Jane Boleyn is a cynical commentator on the follies around her, believing herself such a woman of the world. Some of her asides have an attractive wry humour to them, such as her comment, "If she declares herself Dereham's wife then she has not cuckolded the king, only Dereham, and since his head is on London Bridge he is in no position to complain." Yet in her way she is as self-deluded as Katherine Howard, and naïve enough to put her trust in princes (or in her case, the Duke of Norfolk). Haunted by the deaths of her husband and sister-in-law, she tries to convince herself and those around her that she was blameless, that her part in their fate was unintentional - and indeed, she may well have been used then by those cleverer and more powerful than herself, just as she is being used again.
Anne of Cleves is a level-headed, courageous and quietly intelligent young woman. True, she was lucky that Henry found it easier to get rid of her by annulment rather than murder, but she had the good sense to grasp the opportunity for escape when it was offered and to accept undeserved humiliation as the price of staying alive. She probably came out the most unscathed of Henry's wives, with her life and a private income, and like a sensible woman she made the best of it and made a reasonable life for herself. As she herself comments in the novel, " it may be a better thing to be a single woman with a good income in one of the finest palaces in England than to be one of Henry's frightened queens."
King Henry is a Bluebeard-like ogre, probably a fairly accurate depiction of him in his later life. At the safe distance of 400+ years it's possible to feel a little sorry for him, tormented by his paranoid suspicions and the physical pain of a revolting disease. On the spot, at the time, I should imagine he inspired mostly terror.
Prize for Top Villain, however, undoubtedly goes to the reptilian Duke of Norfolk, so remorseless and ruthless a schemer that you feel you ought to hiss every time he comes on stage. This remarkable political survivor, who successfully rode all the storms and tempests of Henry's court, created a good many of them and always managed to get someone else's neck on the block instead of his own, could have taught Machiavelli a thing or two.
There are some faintly icky aspects to the novel that might upset some readers. Katherine Howard is portrayed as only fourteen when she first caught the king's eye. This is at the younger end of the likely range (the Oxford Dictionary of National Biography gives her date of birth as somewhere between 1518 and 1524), which makes Henry even more of a cradle-snatcher and casts Katherine's first seducer, the music teacher Henry Mannox, in a decidedly unpleasant light, as she would have been only eleven at the time of his attentions. The dysfunctional relationship between Anne of Cleves and her brother Duke William is repeated rather heavily, and I was relieved that this aspect disappeared from the story early on when Anne left for England.

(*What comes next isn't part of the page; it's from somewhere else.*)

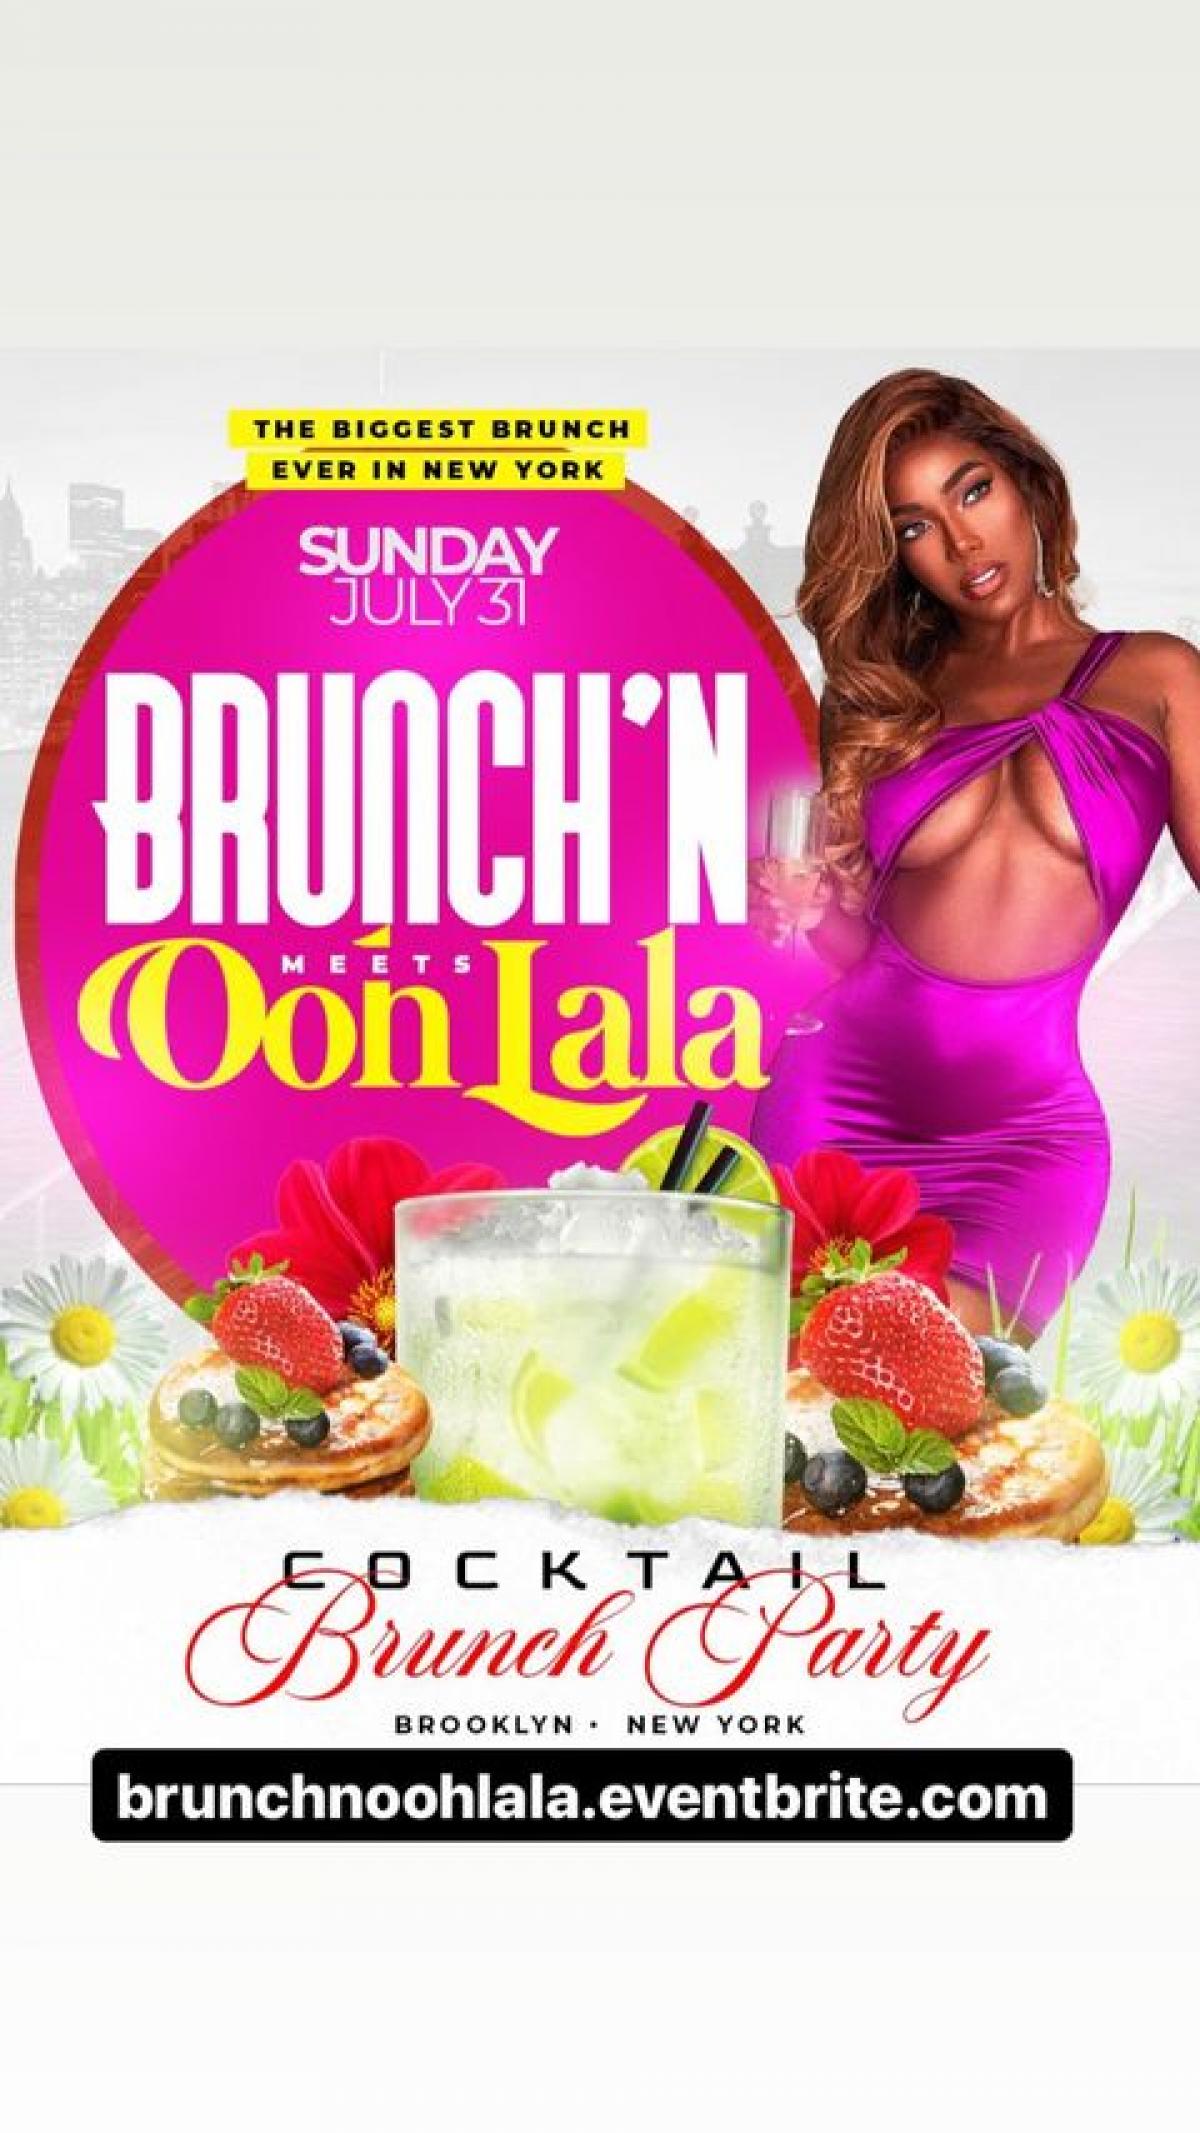 Brunch'N meets OOH LALA Cocktail Brunch flyer or graphic.

The novel is written in present tense throughout, which I find mildly irritating. It always has the effect of distancing me from the characters and events, and feels rather like watching a longwinded screenplay. Perhaps that's the idea - maybe it makes it quicker to adapt next time Hollywood fancies another festival of pretty frocks, heaving bosoms, sex and murder.
Sex, lies and death at the court of Henry VIII.